Mozilla Test Pilot Programme

With Firefox 4 entering Release Candidate Mozilla Labs embarked on a huge user testing programme for the new browser. Data is constantly collected from participants and consists of surveys, direct feedback as well as automatic monitoring data. The site gives daily sentiment reports and also trends by factors such as operation systems

Mozilla Labs wrote up the details of their evaluation process and performance testing. Their final choice was Riak and this probably represents the highest profile deployment of Riak to date.

Afghan War Logs

The leaking of the Afghan combat reports represents a significant milestone in crowdsourced data analysis (although the professional media services managed to provide better analysis and background).
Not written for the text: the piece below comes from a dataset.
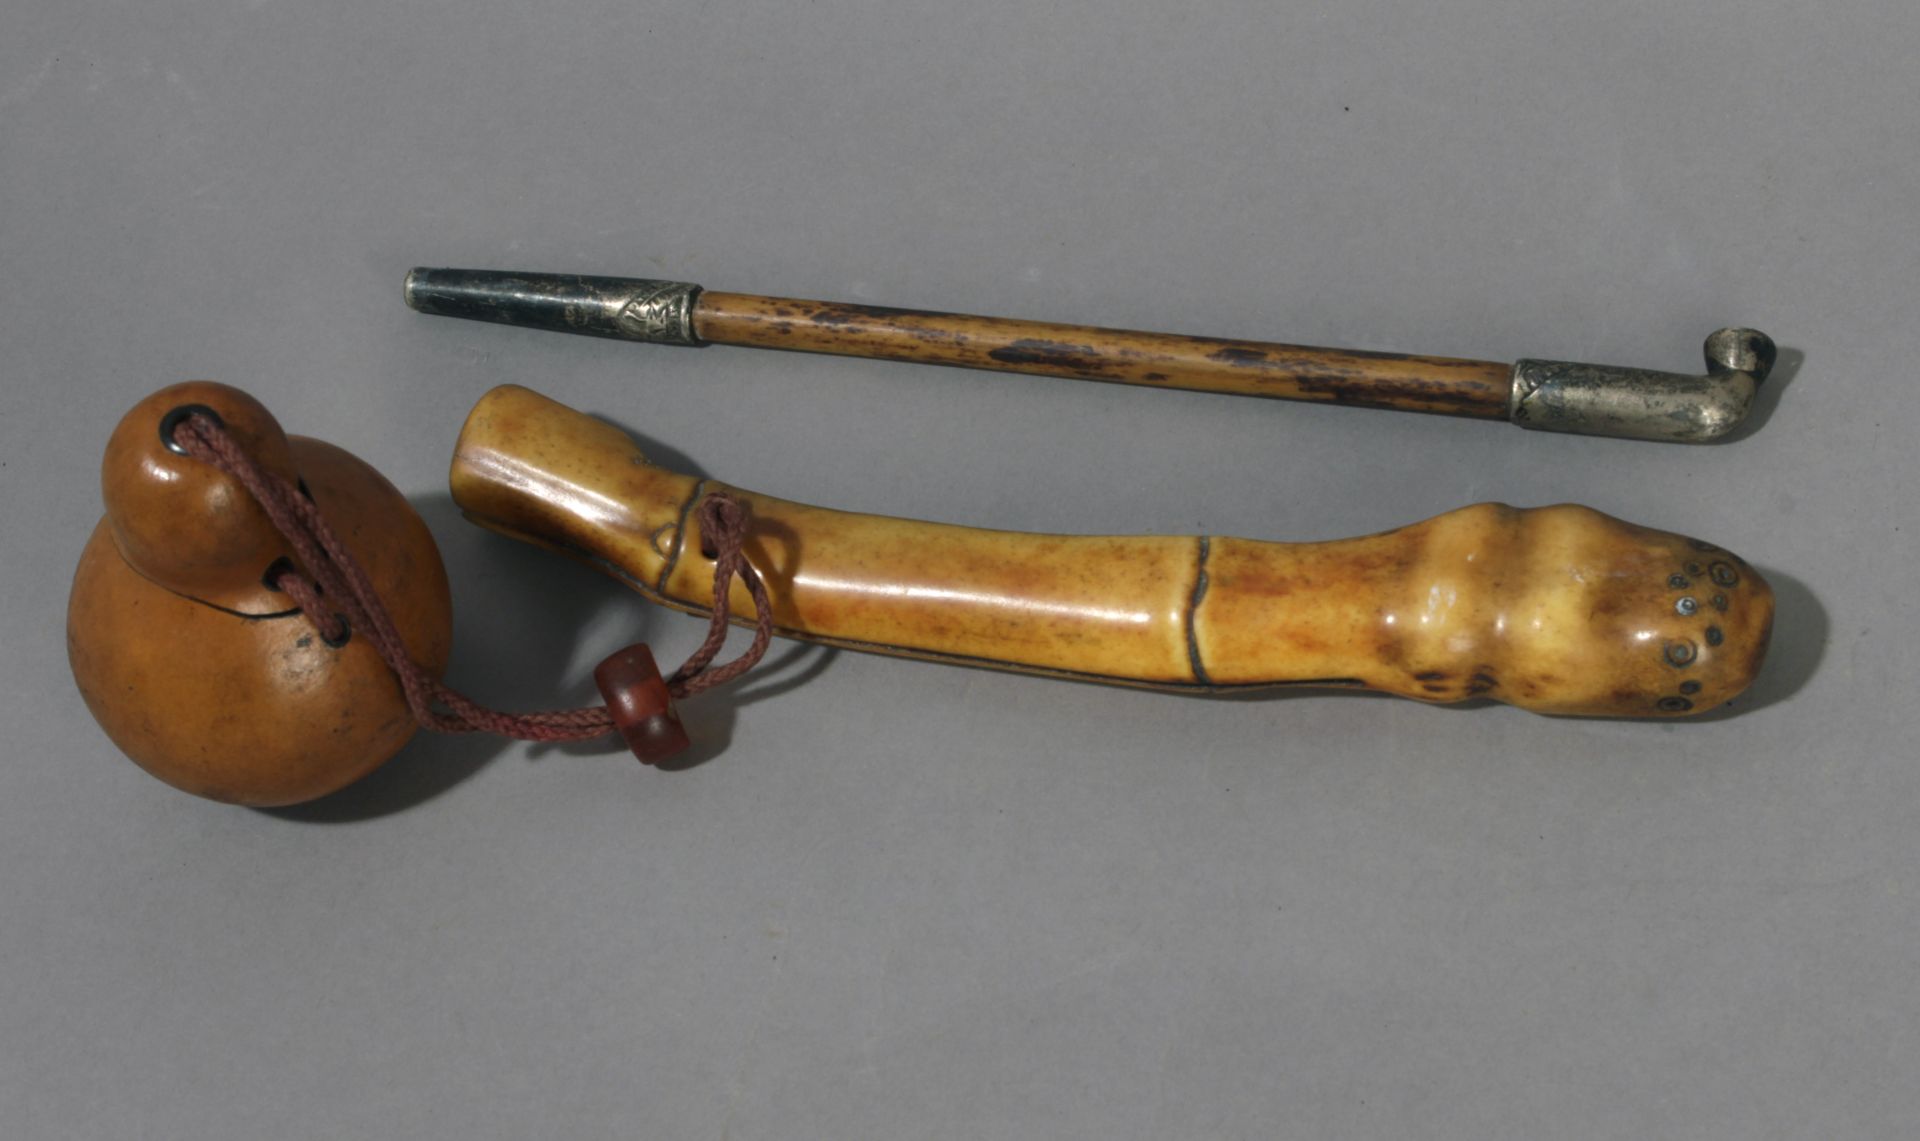 A kiseru or Japanese pipe from Meiji period (1868-1912). In carved bamboo and metal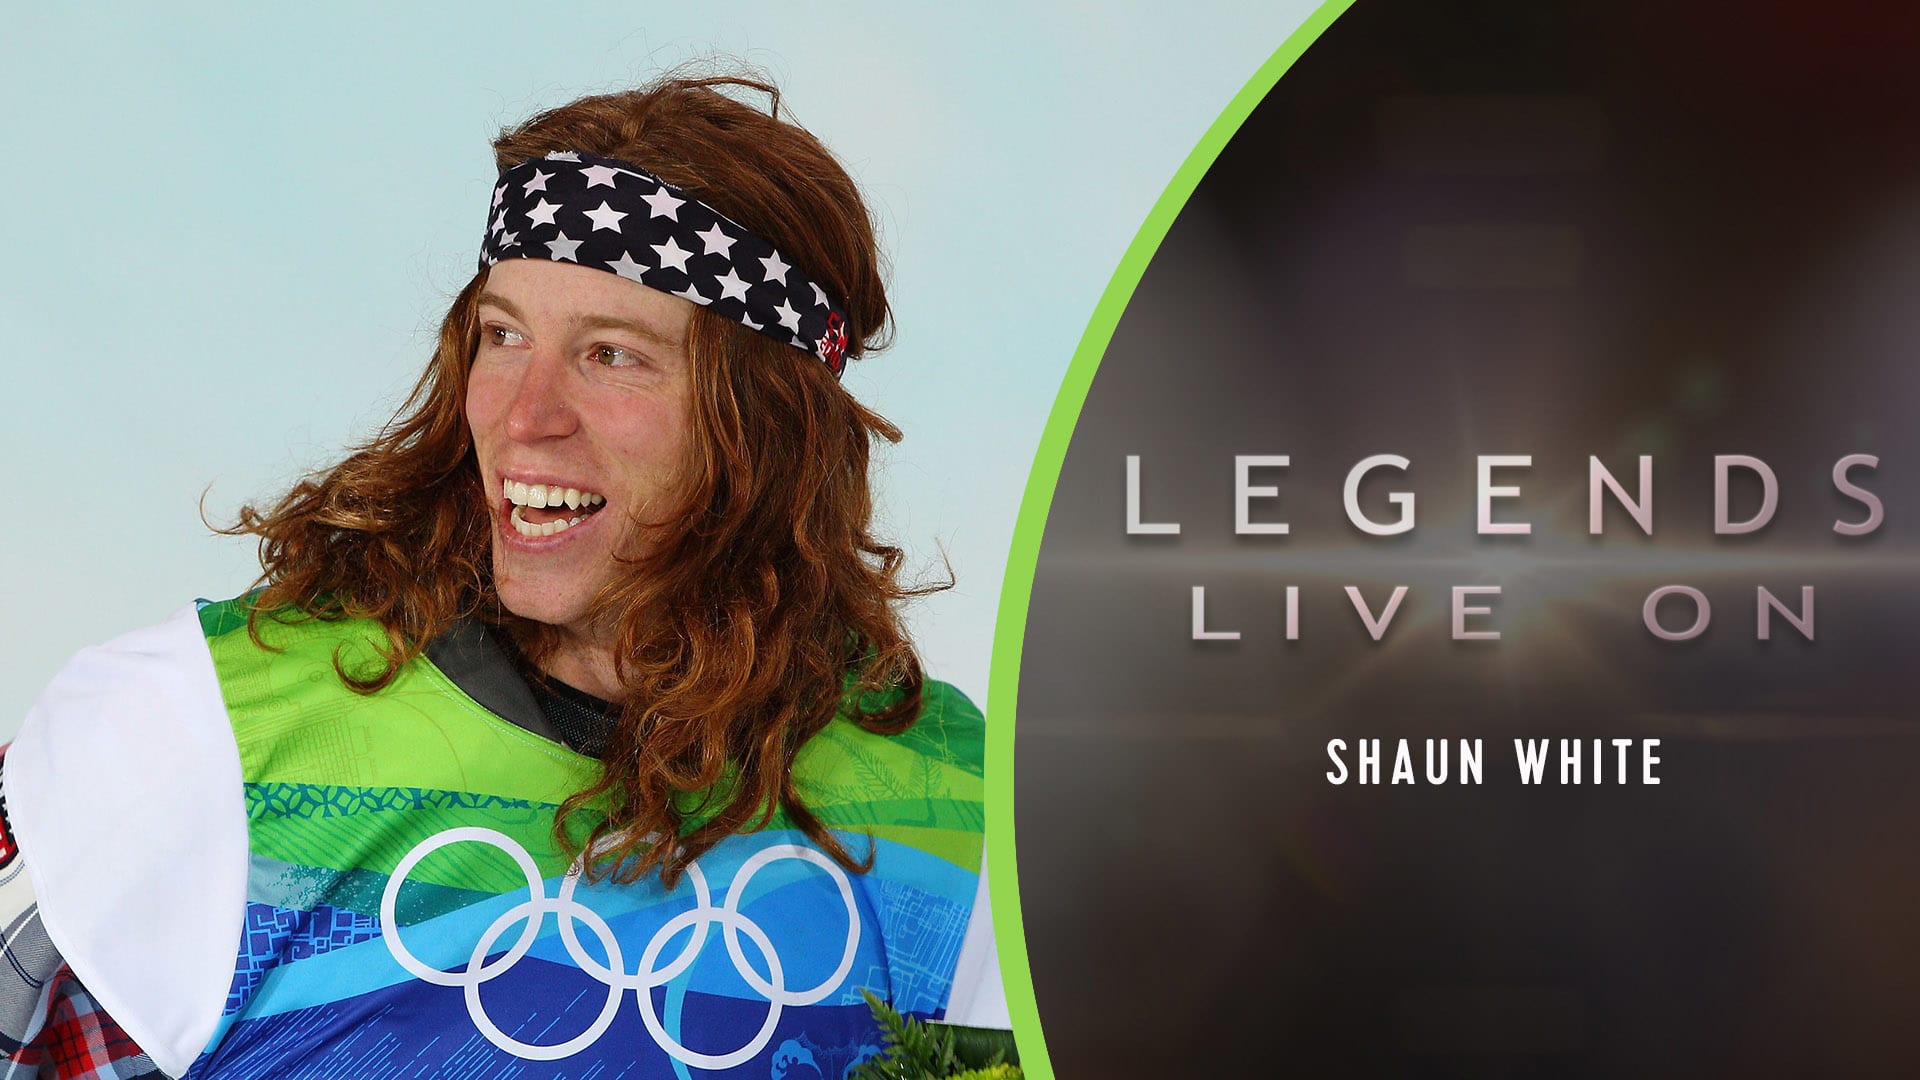 Shaun White most asked questions about the US snowboard legend

The original data is basically like a paper form with consistent sections but variable length content. The match to document databases is immediately apparent and it is likely that the US government originally stored them in some kind of document store. It was interesting to note that no-one seemed to use a relation store to publish or analyse the reports.

The Guardian used Google App Engine which sit on BigTable, if you click through to the event log you can see the blocks of the underlying sections.

An independent CouchDb version has also been created.

One interesting point with this is that it was written with CouchApp, a framework that allows you to write, store and serve the app in CouchDb itself which makes the store an application server as well. Oracle eat your heart out! This unusual arrangement is possible because CouchDb is based on HTTP and therefore can treat HTML and Javascript files as it would any other document and serve them to a client. If that client is a web browser it can display the page and then make subsequent calls to retrieve other JSON documents.